Venezuelan President Hugo Chavez fired a blistering verbal attack on Washington and flaunted the US thirst for Venezuelan oil as he launched his re-election campaign on Saturday.
Chavez spoke to thousands of red-clad supporters who thronged downtown Caracas rallying for "ten million votes" to re-elect their populist leader for six more years in December.
"Let us defeat imperialism and contribute to saving the planet, overthrowing this dangerous empire that threatens the entire world," Chavez thundered.
"It is our responsibility, together with other countries in the Americas and progressive groups in the United States," he said. "We are up against the most powerful, immoral, cynical, deadly empire in all of history -- our true enemy."
Chavez meanwhile flaunted US dependency on Venezuelan oil, saying it would "cost him nothing" to shut down Citgo, a US-based subsidiary of Venezuela's state-owned oil company, and hawk his oil elsewhere.
Venezuela sells about 1.5 million barrels of oil daily to its powerful northern neighbor and, through Citgo, has three refineries and close to 14,000 petrol filling stations in the US.
"If the government of the United States wants to break ties with Venezuela, it's up to them. It would cost me nothing to shut the refineries we have in the United States. We'll see how much oil will go for, or a gallon of gas," he said.
US-Venezuela relations are at tense new depths after Washington ordered a Venezuelan diplomat expelled in retaliation for Caracas's move to kick out a US naval attache on espionage charges.
Chavez said Venezuelan authorities had infiltrated a group of military officers from the US embassy who he alleged had been spying on his government and preparing operations to arrest him.
In his speech on Saturday Chavez read aloud what he said were emails proving that John Correa, the US embassy's naval attache, had obtained secret military information from Venezuelan collaborators.
Chavez ordered Correa out of the country on Thursday.

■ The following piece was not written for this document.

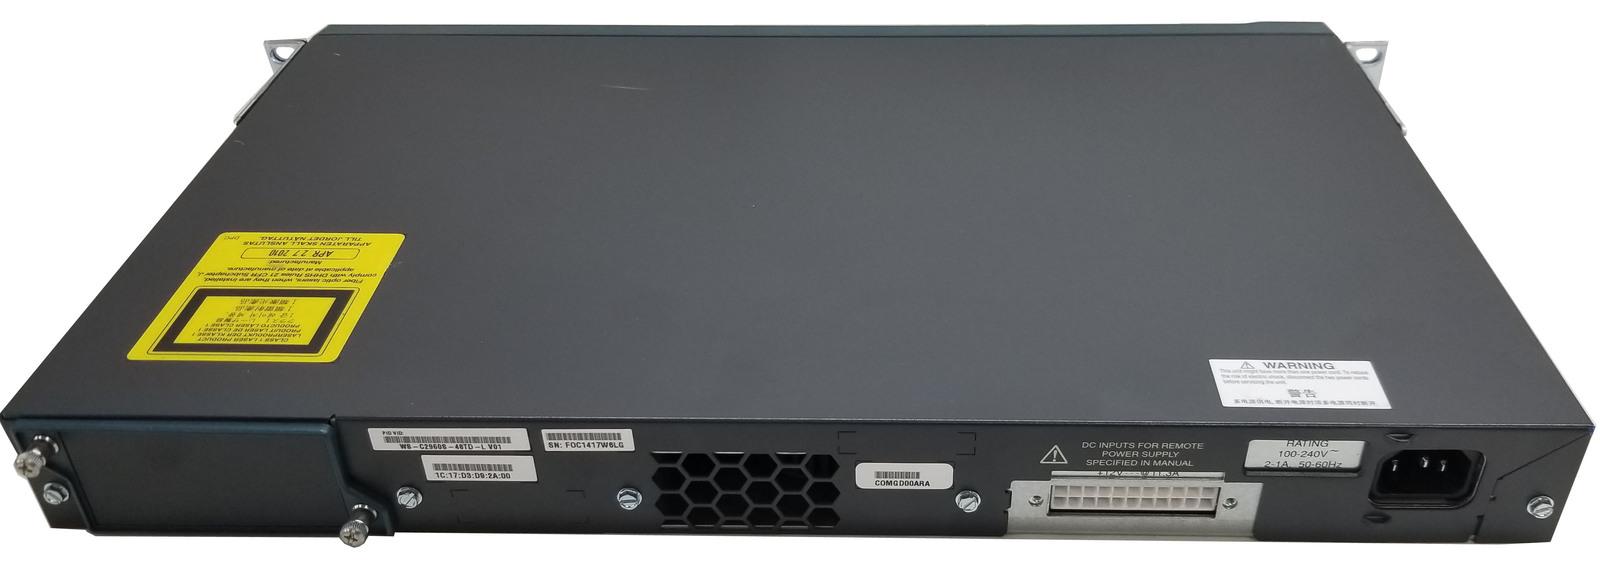 Cisco WS-C2960S-48TD-L V01 Catalyst 48 Port 2960-S GE Switch Bin:6
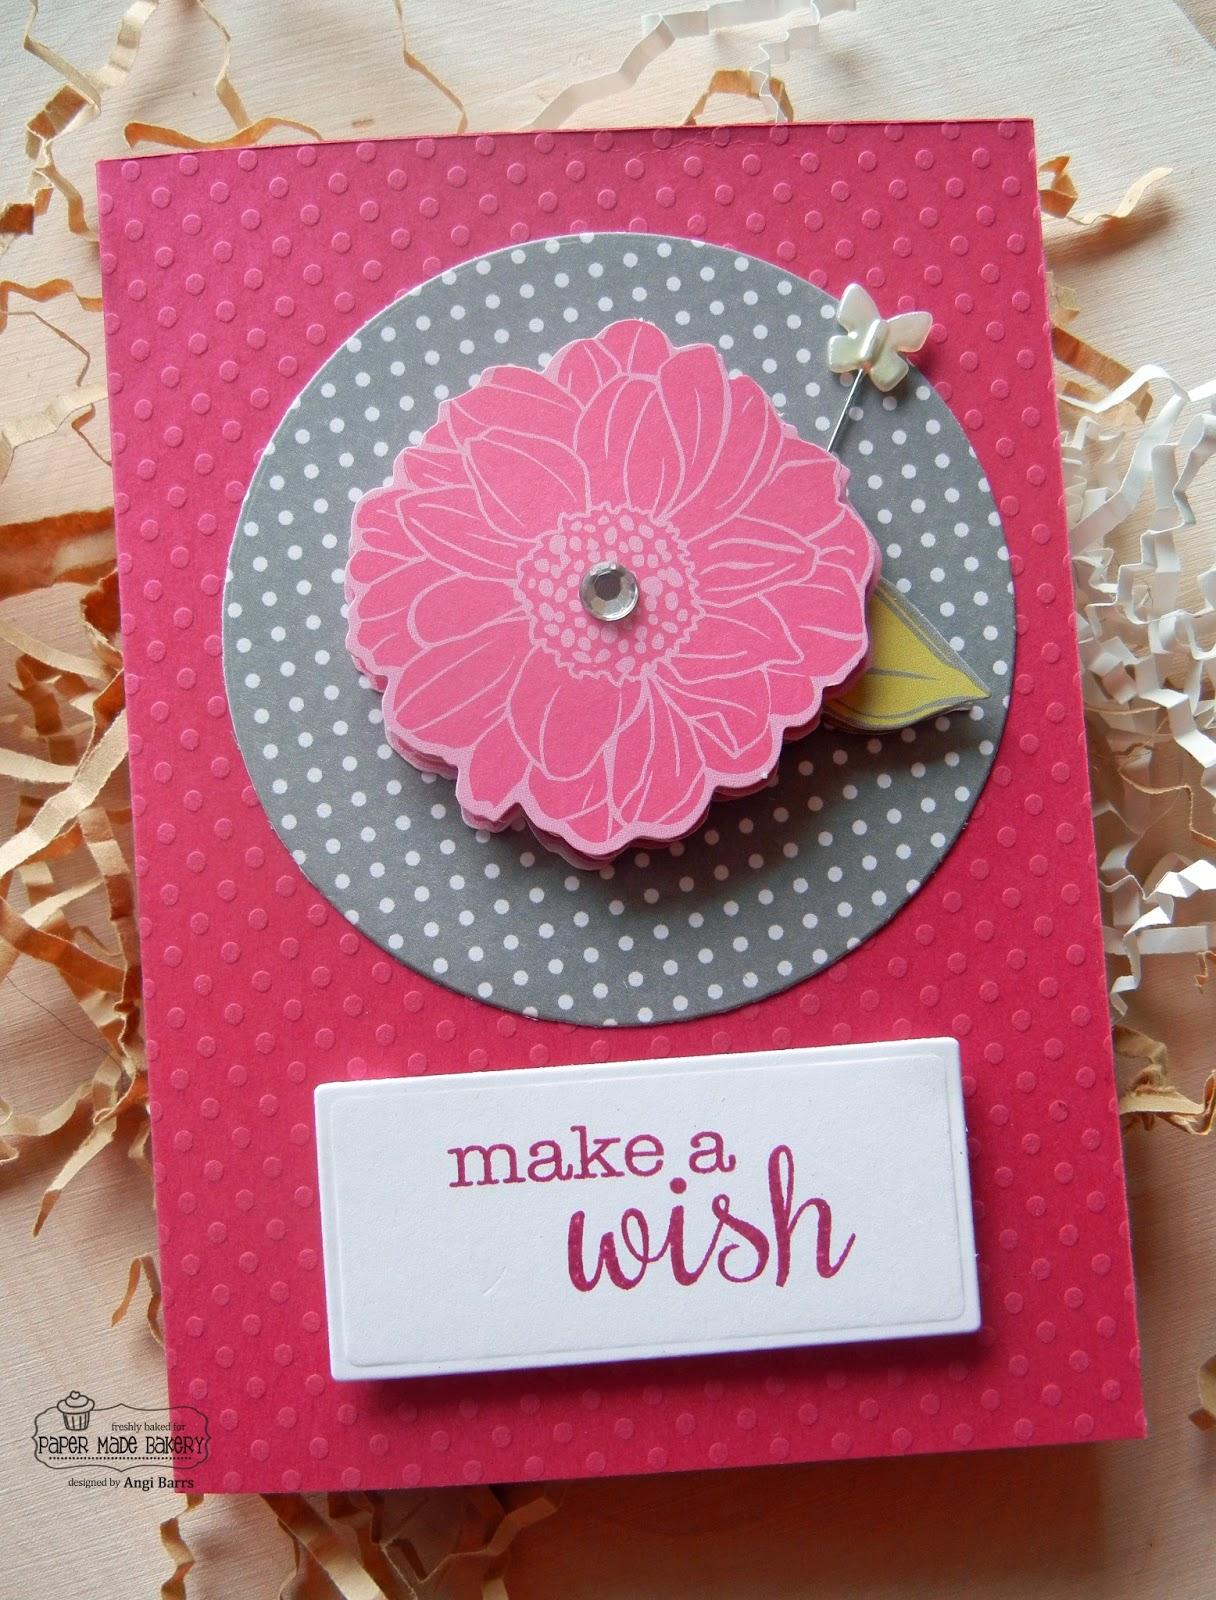 Paper made bakery girly birthday cards girly birthday cards izmirmasajfo

The US denied the accusation, and in a retaliatory move gave Venezuelan diplomat Jenny Figueredo Frias 72 hours to leave the US.
The administration of US President George W. Bush has regularly expressed concern about Chavez's influence in Latin America, particularly his close alliance with Cuba's communist leader Fidel Castro.
And while Washington often derides Chavez for excessive and provocative rhetoric, the Americans have kept up their end of the war of words with a country that still supplies 13 percent of their oil needs.
Defense Secretary Donald Rumsfeld on Thursday likened Chavez' rise to power to that of Nazi leader Adolf Hitler.
Chavez shot back on Saturday.
"The imperialist elite of the United States put Hitler in power, armed Saddam Hussein so he could attack the Islamic revolution of Iran, armed Bin Laden to fight the USSR, enabled the grand dictators that attacked the peoples of Latin America for a hundred years," he said.
Prior to Chavez's speech, his supporters marched through the capital in a giant demonstration that also marked the 14th anniversary of the failed coup attempt he led in 1992 and his seven years of government.